Why the NAACP Is Wrong to Condemn the Tea Parties

While my interview with Benjamin Jealous confirms that, in fact, the occasionally controversial NAACP is certainly doing important work every single day, I can't help thinking that the significance of this resolution, not to mention its validity, remains to be seen.

Currently in the midst of its annual national convention in Kansas City, the NAACP today introduced a resolution condemning racism in American Tea Parties. Though exact details are currently sketchy, The Kansas City Star reports that the resolution will ask “all people of good will to repudiate the racism of the Tea Parties, and to stand in opposition to its drive to push our country back to the pre-civil rights era.”

While my interview with Benjamin Jealous confirms that, in fact, the occasionally controversial NAACP is certainly doing important work every single day, I can’t help thinking that the significance of this resolution, not to mention its validity, remains to be seen.

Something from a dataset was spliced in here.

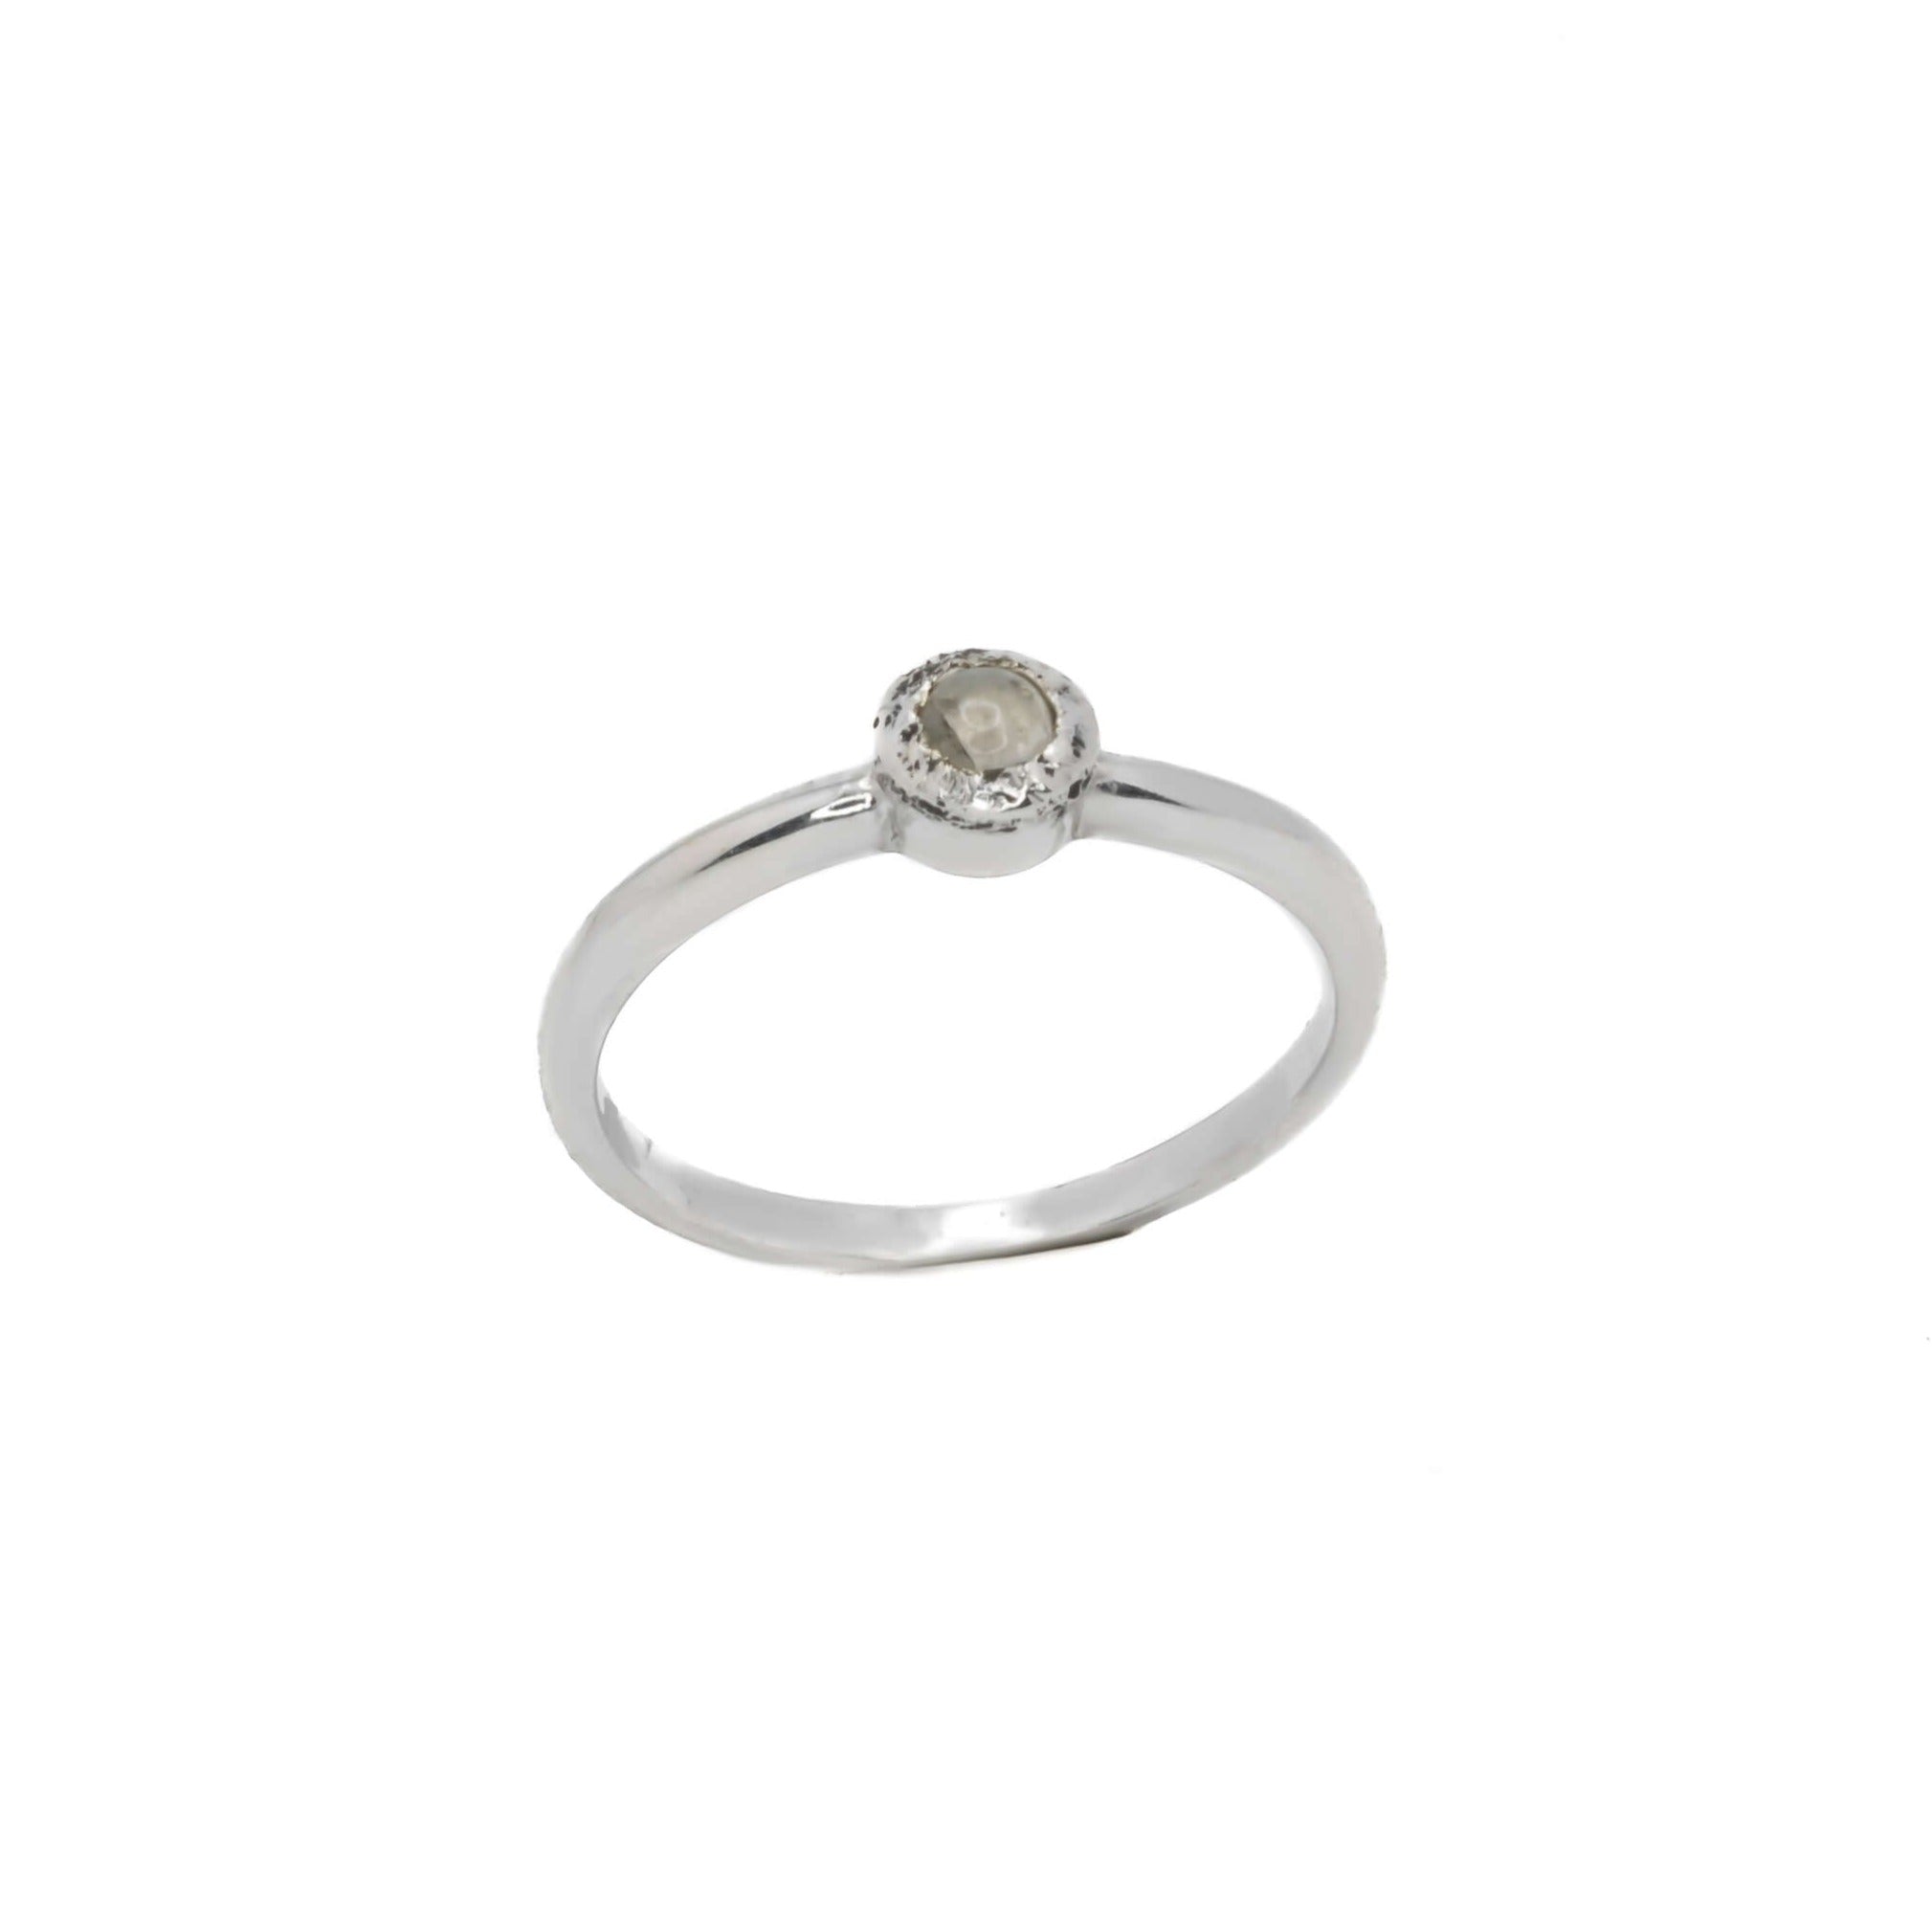 Minimalist Moonstone sterling silver stackable ring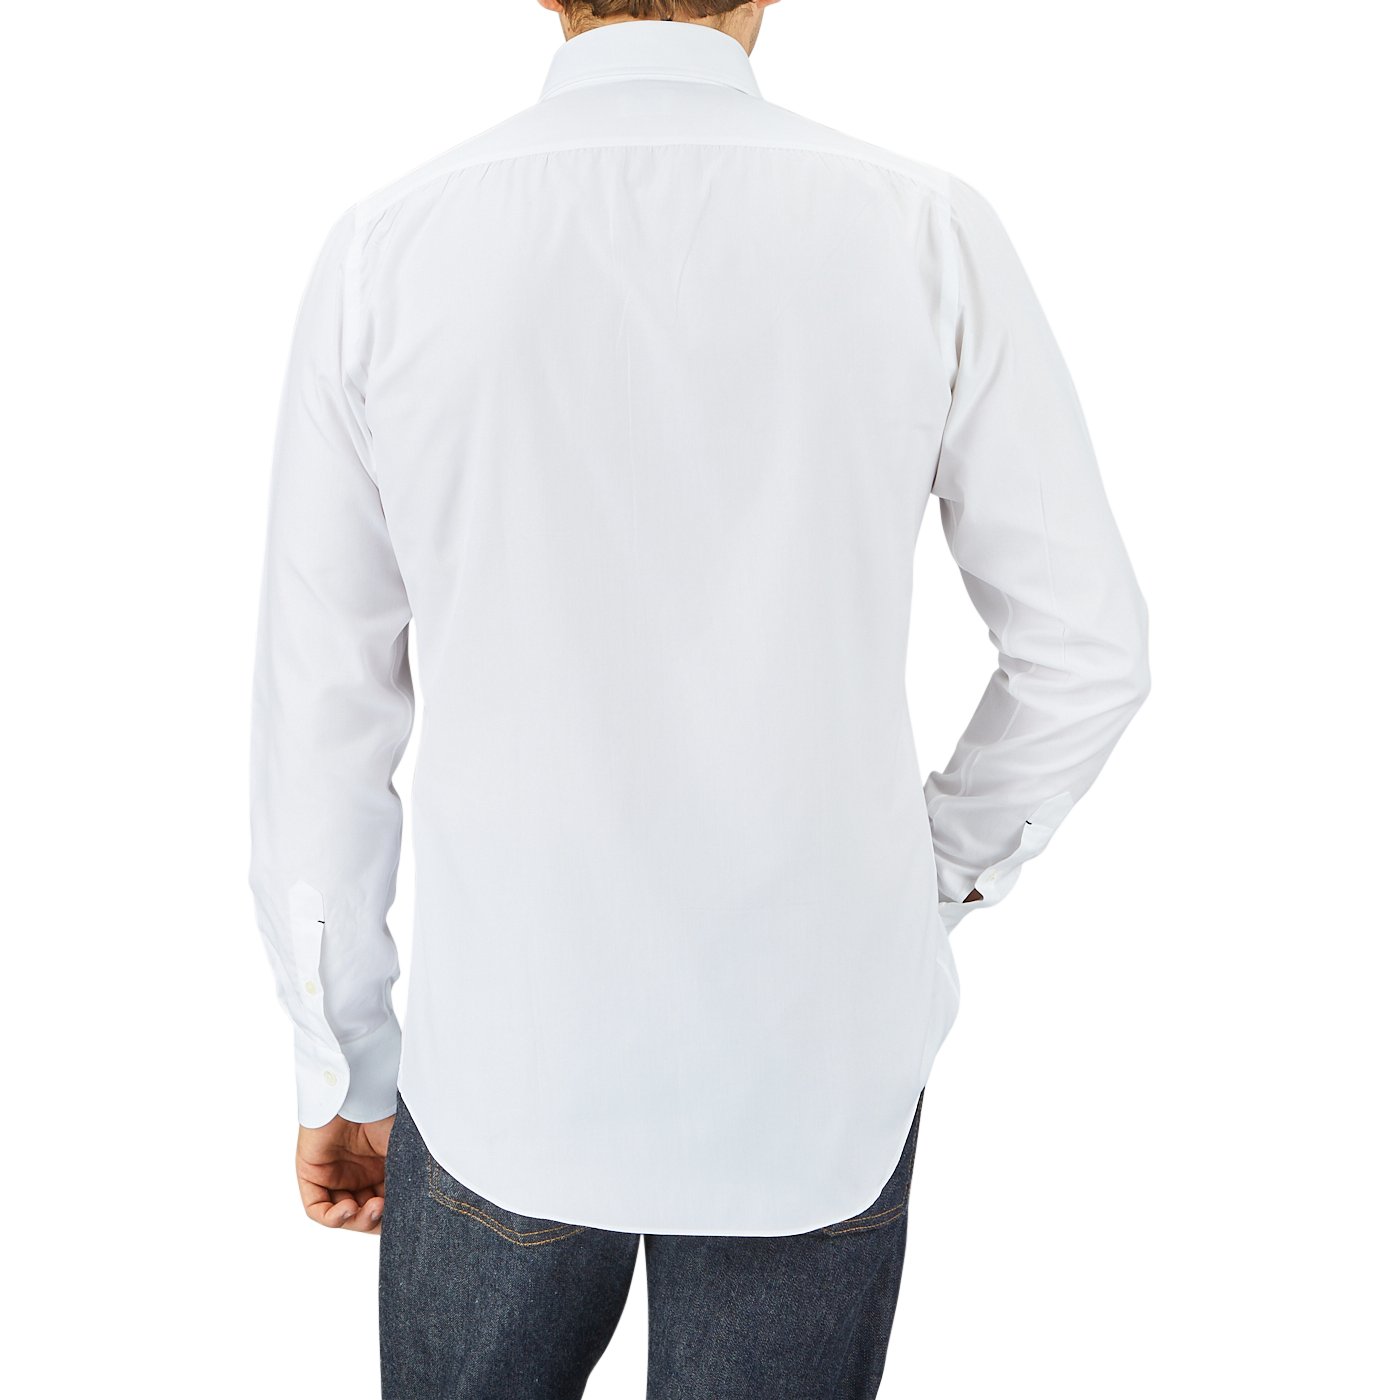 Man in a Mazzarelli White Royal Oxford BD Slim Shirt and blue jeans, viewed from behind.

While the intolerant tone of many Tea Party rallies is by now the stuff of legend, it’s not that tone with which the NAACP is taking issue; if it were, I might be in agreement. Instead, what Jealous et al. are ill-advisedly doing is leveling hefty charges of bigotry against the nebulously connected outposts of a crypto-political party. This is problematic for a few major reasons.

The first is that what constitutes a Tea Party is by and large impossible to define. Because there is no Tea Party governing body offering charters or doling out bylaws, exactly who the NAACP has in its sights is largely an unanswerable question. Is a group of 10 shut-ins in Florida a Tea Party just because they have a website? Is anyone who attends a Tea Party rally a Tea Party member? If we’re going to go around calling things racist, shouldn’t we first know exactly what those things are?